Jeff’s Homework

I was driving with my family this weekend to Bearizona in Williams, Arizona to see the new bear cub, Katy Beary.

Katy Beary
Katy Beary is the tiny one in back. Boo Boo is the larger bear in front.

I couldn’t help but reflect on my last drive north on the 17 a few weeks ago with Jeff Charbonneau, the 2013 National Teacher of the Year. We were speaking at Northern Arizona University’s fabulous “There’s A Reason I’m A Teacher” conference. Jeff flew in to Phoenix so we had a lovely drive to Flagstaff. Jeff enjoyed the gorgeous red rocks of Sedona and took pictures of saguaro cacti for his son (his son knew saguaros are found only in our beautiful Sonoran desert – impressive!). Jeff loved Slide Rock in Oak Creek Canyon. I learned that they have tumbleweeds in Jeff’s part of Washington state and they also play “Hit the Tumbleweed” while driving.
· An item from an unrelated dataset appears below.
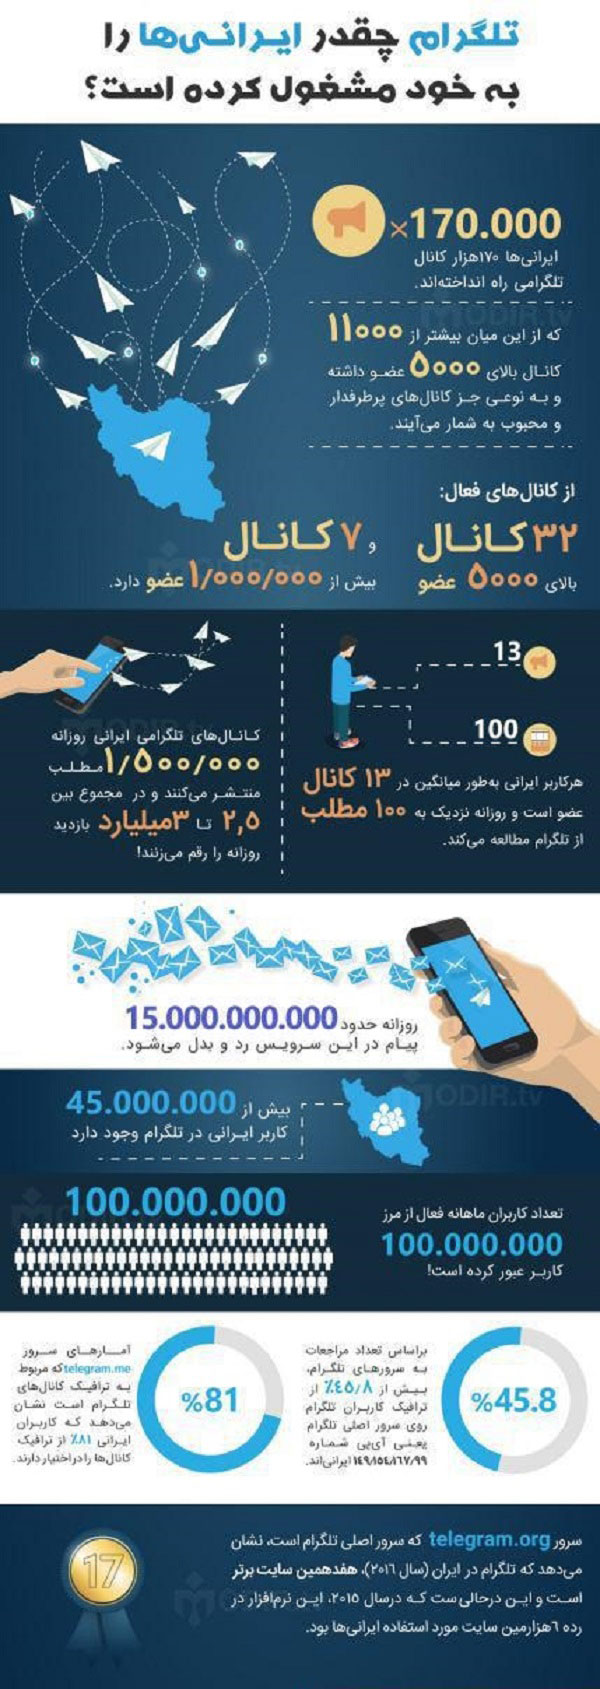 تلگرام چند ایرانی‌ را به خود مشغول کرده؟

Jeff and me at Slide Rock in Oak Creek Canyon.

I was reminded that every time I hear Jeff speak, he gives me homework! At the 2014 Teaching & Learning Conference in Washington D.C. in March, (Put that conference on your calendar for next year. More info here) Jeff gave us a challenge to spend five minutes a day lifting up our profession.

Jeff also facilitated a breakout session on teacher leadership at the conference. He said, “You lead by doing the work together.” This really hit home for me because I’ve always believed that teaching is too complex and too important for one person to do alone. We must build authentic partnerships with other adults in our buildings and across the country and world through the virtual community.

Ron Thorpe, the visionary CEO of the National Board, had a serendipitous comment in a keynote that same day, “What our children need to see is our profession as a whole.” Our students deserve teachers who support each other and learn from each other. We are stronger together and our schools will be more successful when we collaborate and lead from within.

So Jeff, I’ve been working on your homework assignment. I’m writing my own story of education today. As I’ve said in many of my speeches lately, I’m tired of the media writing the story of what is happening in today’s schools. I’m the expert! I’m the one in the classroom every day, gorgeous boots on the ground!

Not kidding about the gorgeous boots.

We know that isolation is the enemy of teachers. So I’m going to lead by influence. I’m working on increasing my positive on-line presence. I’m going to work with on-line communities and teachers to cross-pollinate ideas and break through the silos of our own schools and districts to learn from each other and support one another. I am lucky enough to work with teachers at Sunset Hills that I can count on like family. We learn from each other and learn together. But I also created a Class of 2014 State Teacher of the Year Facebook page as a way to keep in touch with my fellow STOYs during the times we are not geographically close during our year. What I didn’t realize is how much that community would impact me and all the others who have joined the page. Teaching can be lonely and isolating, even in an amazingly supportive building like Sunset Hills. I find myself heading to the STOY Facebook page to share ideas and stories, get inspiration, and a shot of positivity to keep me going strong. Then I can bring that energy and affirmation to the people I am lucky enough to work with every day.

Here are my tips for other busy teacher leaders who want to carve out five minutes a day to take Jeff’s challenge of lifting our profession. Our profession needs it right now and our students deserve to have positive, energized teachers.

-Get involved with the Center for Teaching Quality here. You can join collaborative on-line communities with brilliant teachers from around the country and world. Real transformation is happening here. Got ideas? Share them. Need ideas? There is enough here to inspire you for years to come. And it’s free!

-Spread positivity. Use Facebook, a blog, the parent who drops off their child in the doorway of your classroom. All people hear about schools from the media is negative. Let’s get the real message out there and tell the stories of the amazing things happening in our schools with our students.

-Join the conversation on Twitter. I held out because I didn’t understand it – what’s a hashtag? But once I got on I found it remarkably easy to navigate. Now I’m so hooked I have to set a timer so I don’t fall into the Twitterverse for hours of reading, learning, and communicating. If you want to get started and need some practical tips, check out the 2012 Illinois State Teacher of the Year Josh Stumpenhorst’s You Tube video here on “How Teachers Can Harness the Power of Social Networking.”

Like all good teachers, Jeff only assigns meaningful homework. Voices from the teaching community can be the stone in the pond that disrupts the status quo in education. We can end top-down leadership and for-profit “reforms” if we learn and collaborate as teacher leaders. Use your teacher voice to lift our profession. It doesn’t matter what medium you use. Just use your voice. Tell your story.